The British told the Japanese they would have no objection to two or three Japanese observers. After some discussion this morning we agreed that the Japanese should have observers but that they would have no right to sit with expert committees for technical discussions. They could, however, be kept informed of the results.
We inquired what the British views were with regard to later invitations to Germany and Russia. They replied that they were keeping both informed of what is taking place but that France and Italy wished to include Turkey, Greece and Yugoslavia in which case Sweden, Holland and Spain and perhaps the South American countries would also have to be invited. The British said they were of the opinion that if once you go beyond the major naval powers it would be better to include all naval states and that after all this might from a practical and psychological viewpoint be of considerable advantage. If all the other naval powers, with the exception of Japan, were to enter into an agreement the effect would be so overwhelming they believed that Japan would in a short time wish to join. The British recognize, of course, that with Japan out many difficulties would arise but that we should proceed in general on the theory that Japan would ultimately want to come in. In the meantime an adequate escape clause should be provided as a counterpoise to Japan’s freedom.
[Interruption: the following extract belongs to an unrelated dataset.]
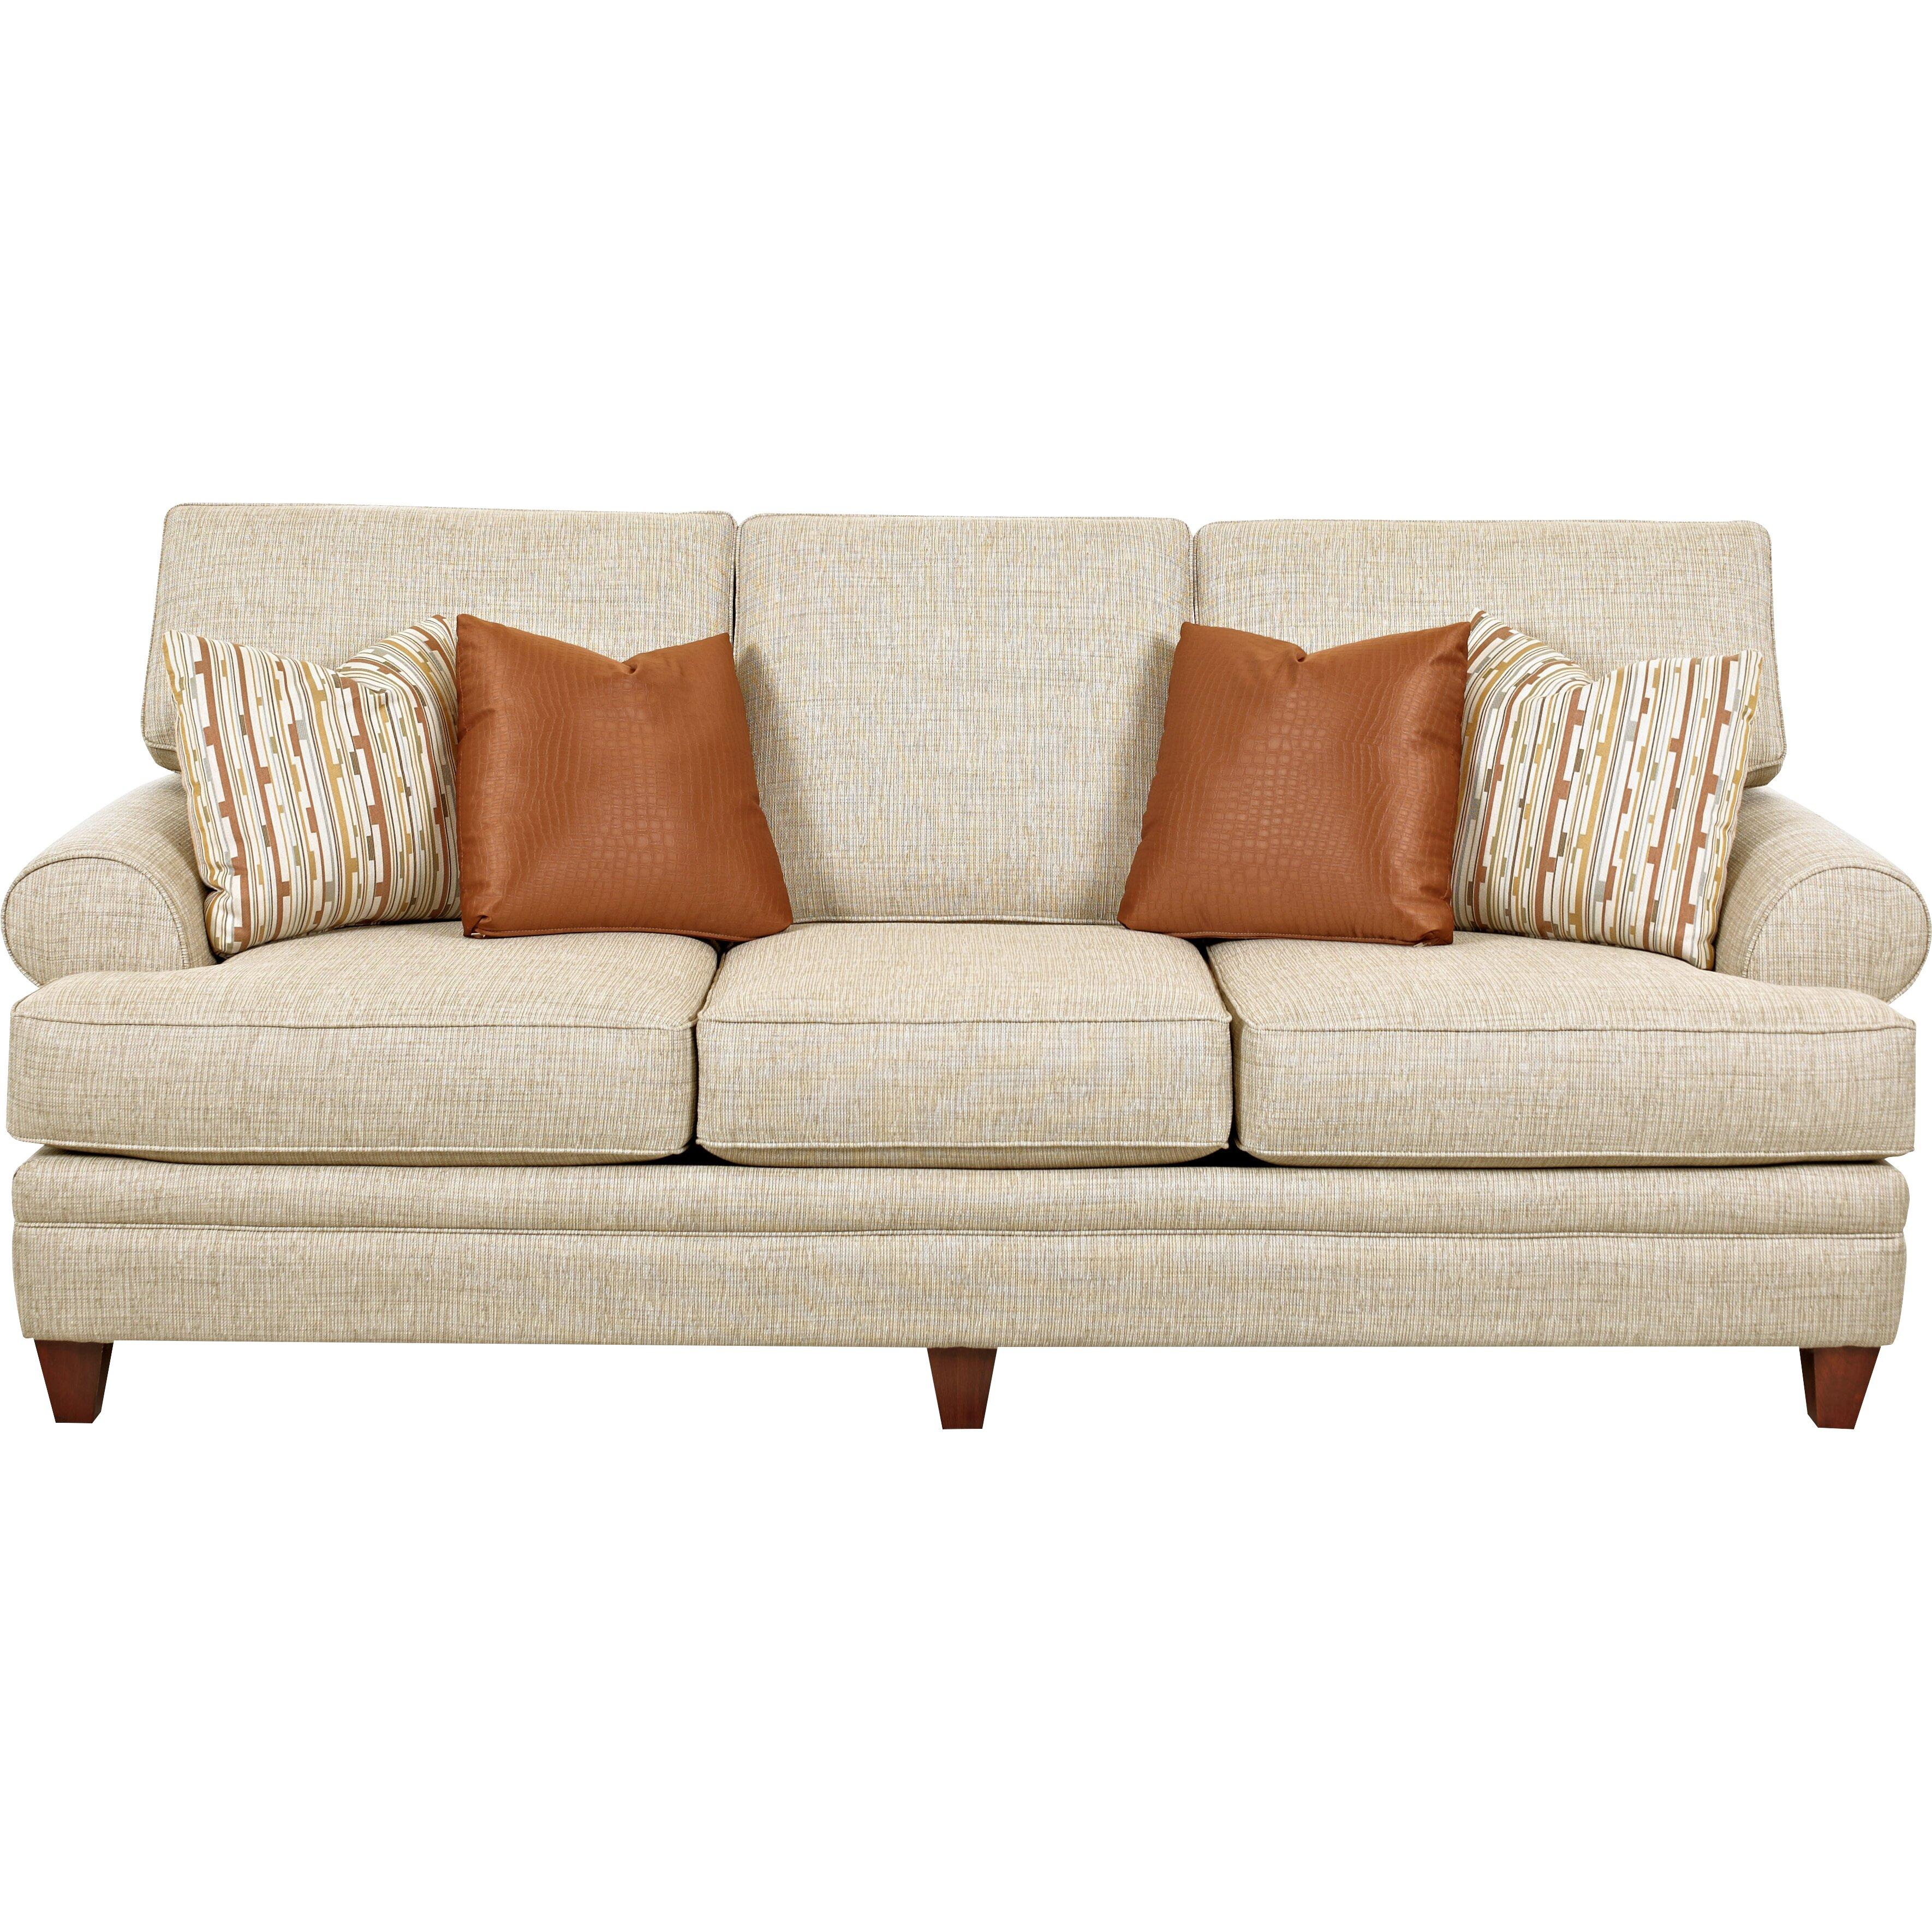 Klaussner Furniture Clayton Sofa | Wayfair
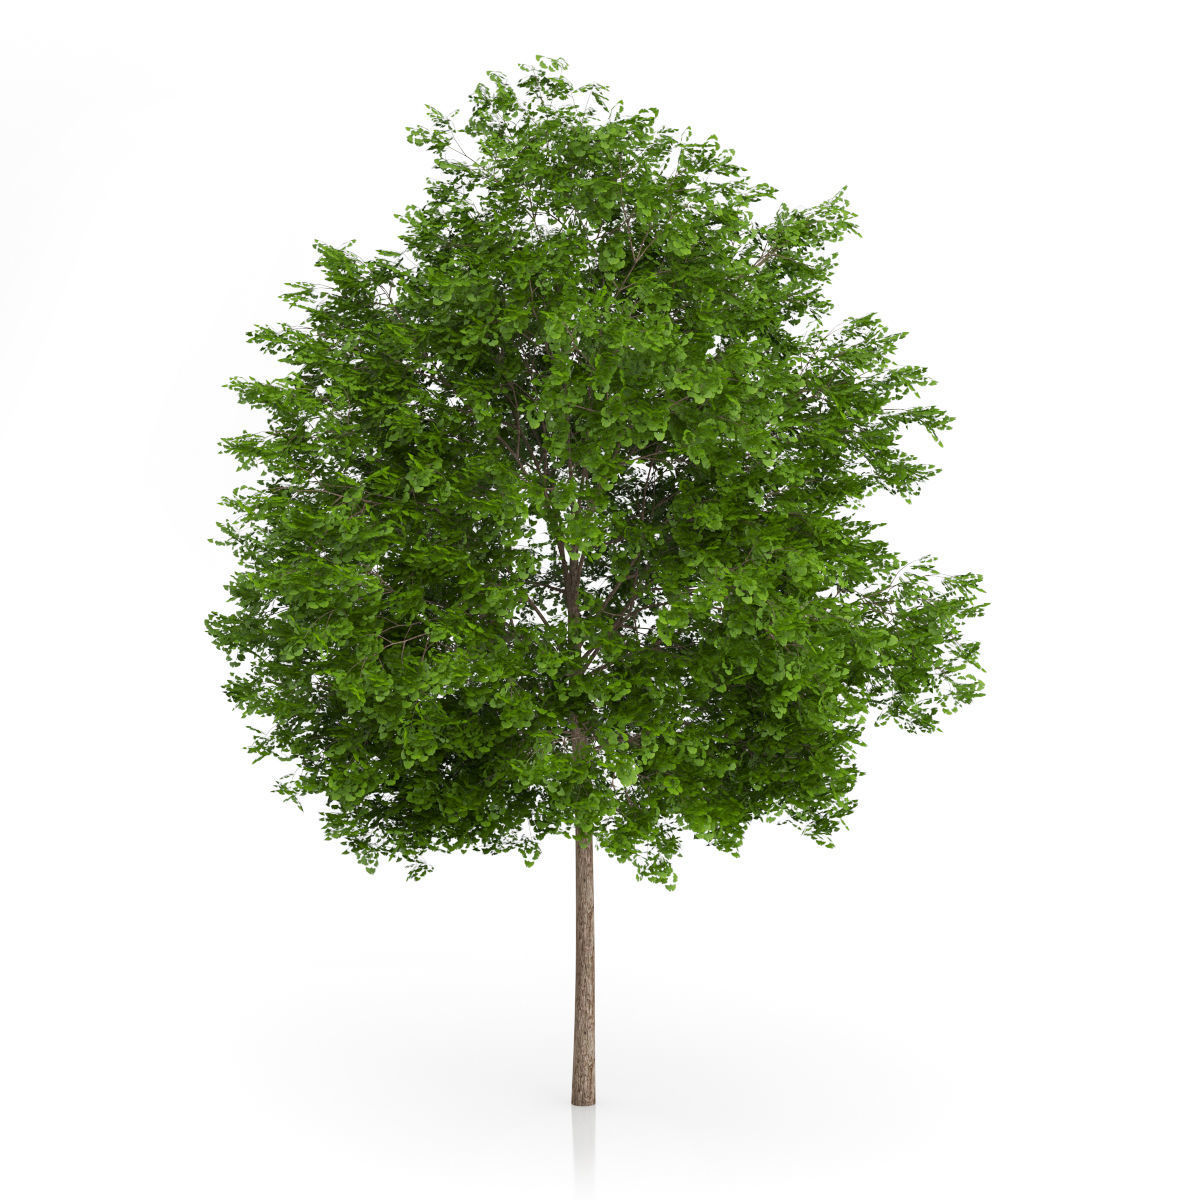 Maidenhair Tree Ginkgo biloba

The British who want above all qualitative limitation now state that without Japan the last hope of achieving quantitative limitation has gone except perhaps in so far as it might result from operation of agreed building programs. The British desire for qualitative limitation without quantitative is no doubt partly determined by their [Page 35] wish to bring France and Italy into agreement and their realization that a quantitative agreement between these two countries is now impossible and also by the fact that qualitative limitation would leave the way open for later adherence of other powers.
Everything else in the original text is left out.